The Ethereum Classic hack will no doubt cause some to question how immutable smaller blockchains really are. However, it is unlikely to damage the reputation of larger blockchains, such as Bitcoin and Ethereum.

“While certainly serious, executing this attack on the largest networks is still prohibitively expensive, and attacking these much smaller chains is unlikely to negatively impact the overall trust of the system,” Schmidt told Verdict.

“It does, however, reinforce the caution that exchanges need to take when listing cryptocurrencies with smaller networks.”

Miners are becoming the “big fish in smaller ponds”

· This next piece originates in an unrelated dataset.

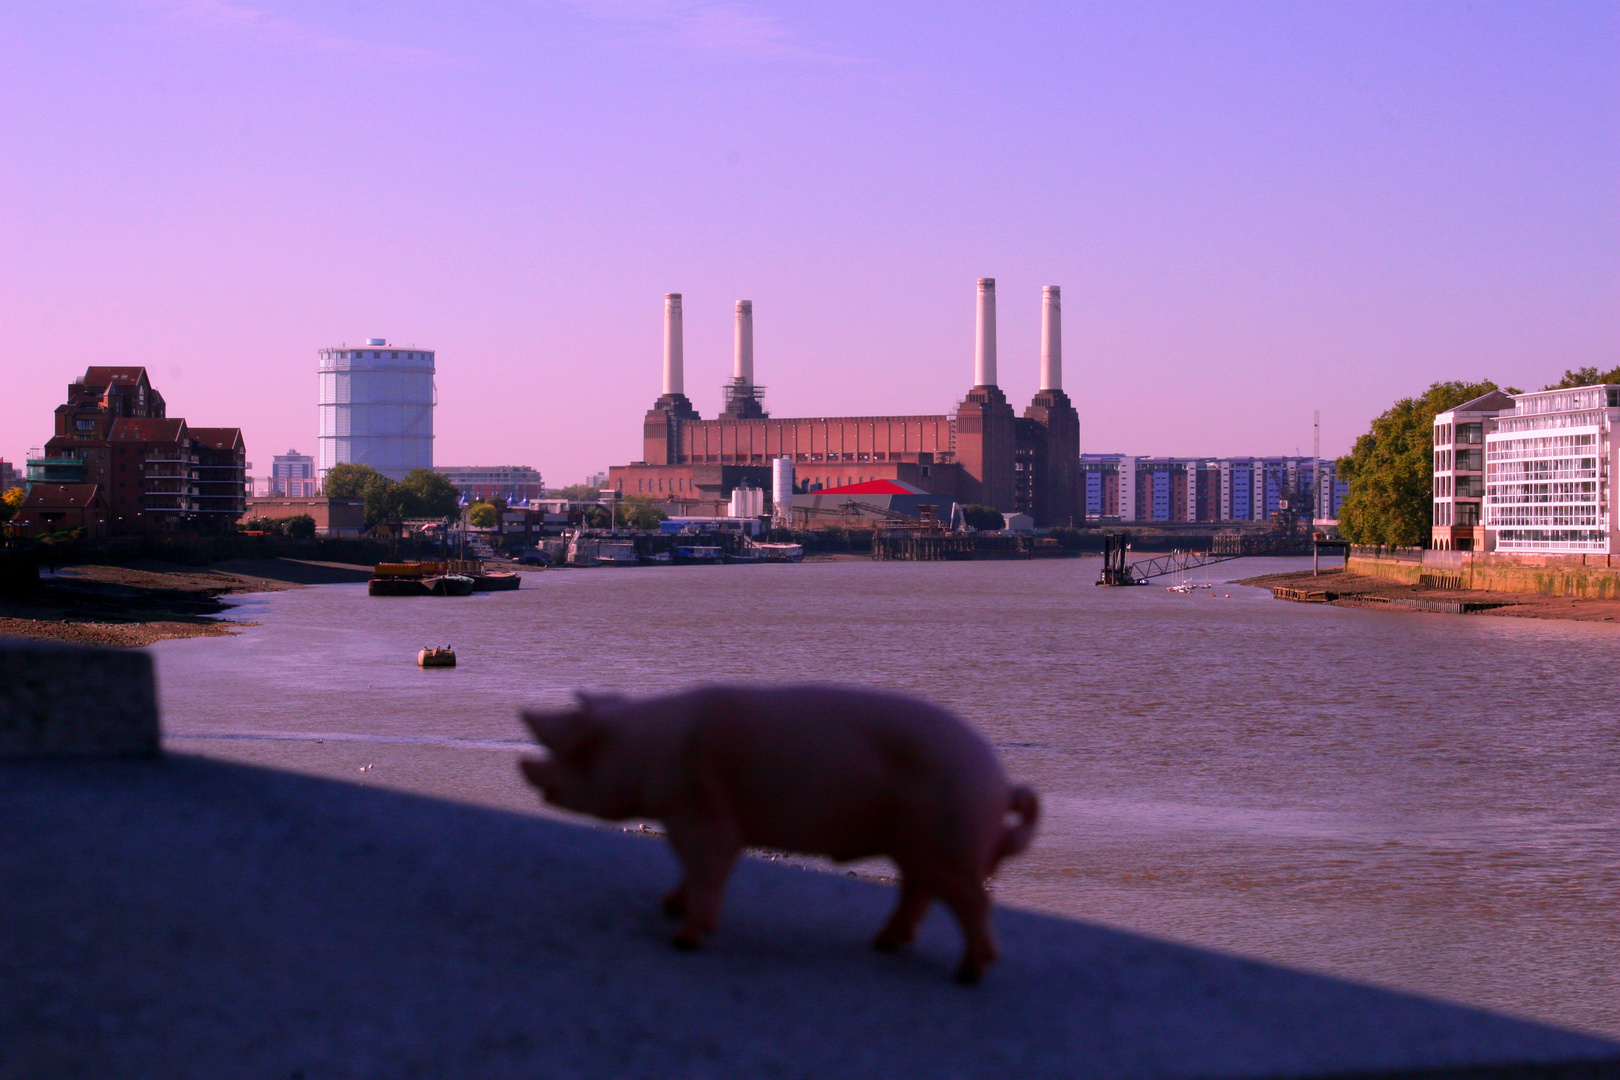 Pink Floyd -Animals- in London
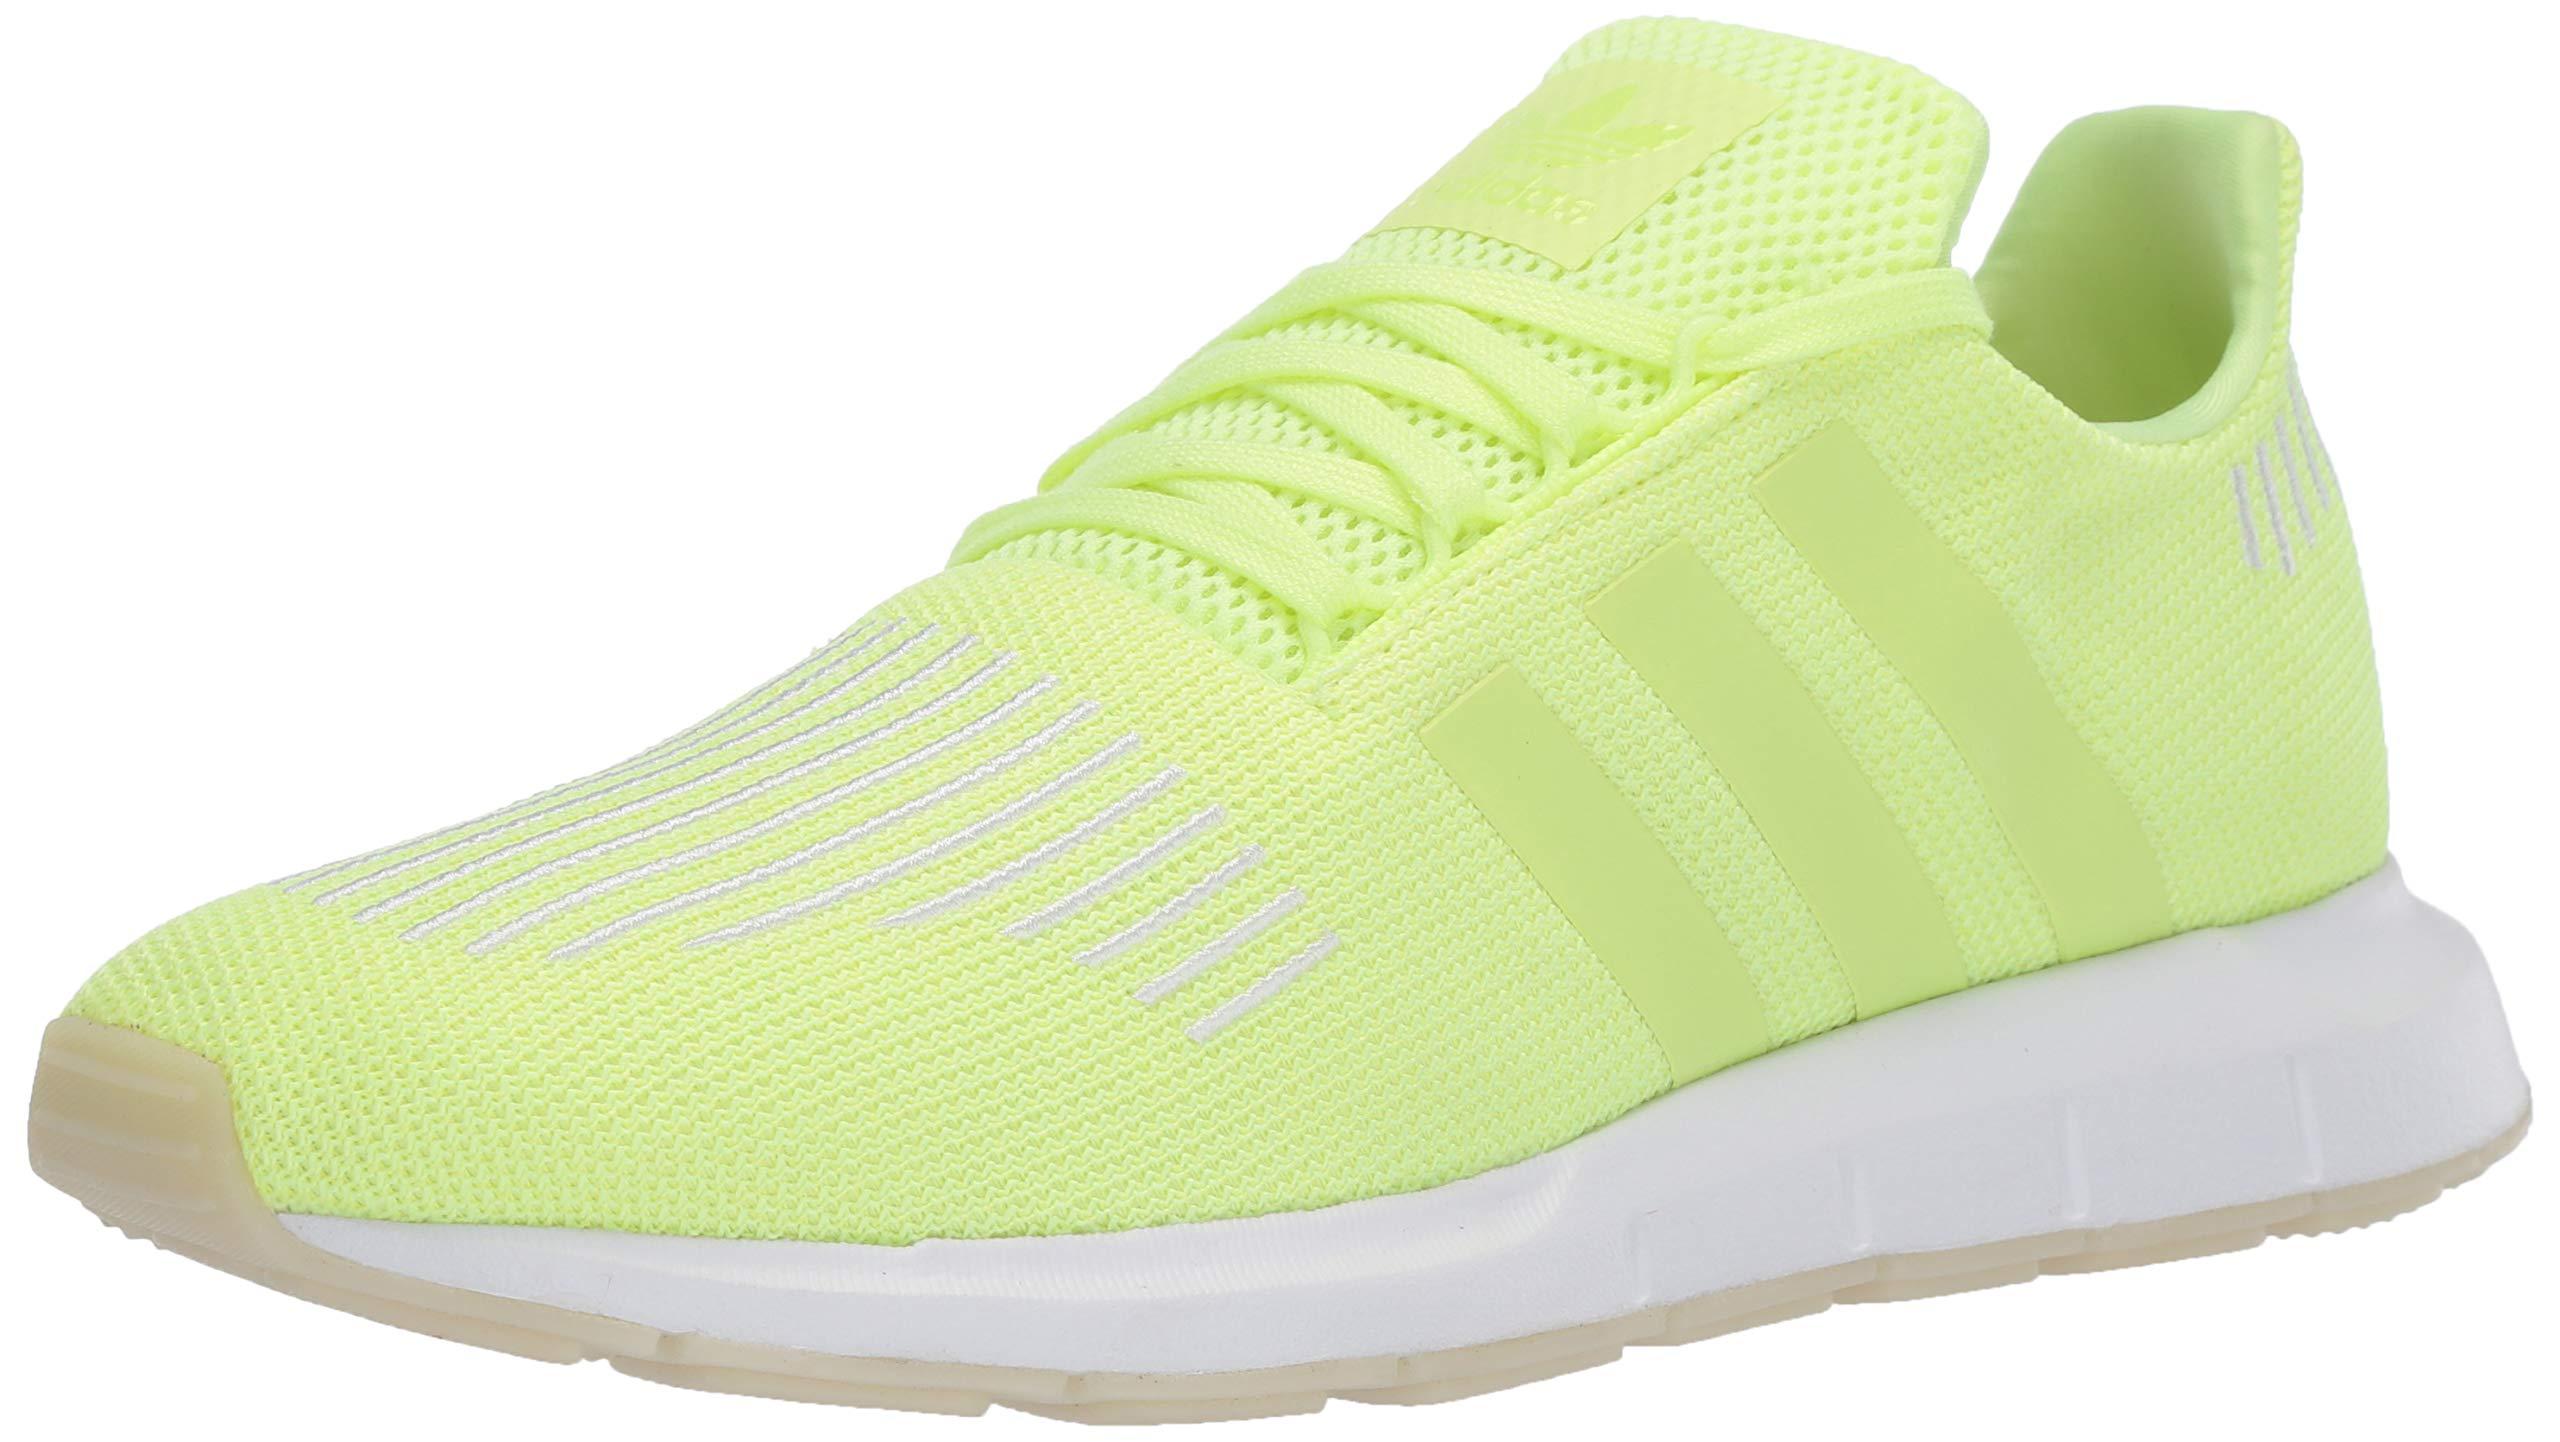 a87ad399aa158 Adidas Men's Swift Run Shoes,White/Core Black/Medium Grey Heather,11.5 M US

During 2017-18’s peak crypto mania, droves of new cryptocurrencies were created. A quick browse of crypto51.app, a site that lists the cost of carrying out a 51% attack on a host of cryptocurrencies, shows how some coins can be compromised for an hour at the cost of just a few dollars.

Nor is Ethereum Classic is the first cryptocurrency to suffer a 51% attack. In April 2018, for example, the privacy blockchain Verge fell victim to a 51% attack.

And with the Ethereum Classic attack highlighting how lucrative a 51% attack can be, threat actors could be enticed to carry out similar attacks on other smaller blockchains.

However, because most of these don’t have the same high value in fiat currency equivalent, not all will offer the same levels of return as the Ethereum Classic attack.

“This case highlights the necessity of switching proof-of-work algorithms when forking larger blockchains, as miners from the larger chain can very easily become the big fish in the new, smaller pond,” says Schmidt.

“By not doing so, developers of these projects risk malicious miners ruining their network before it can grow to a safe size.”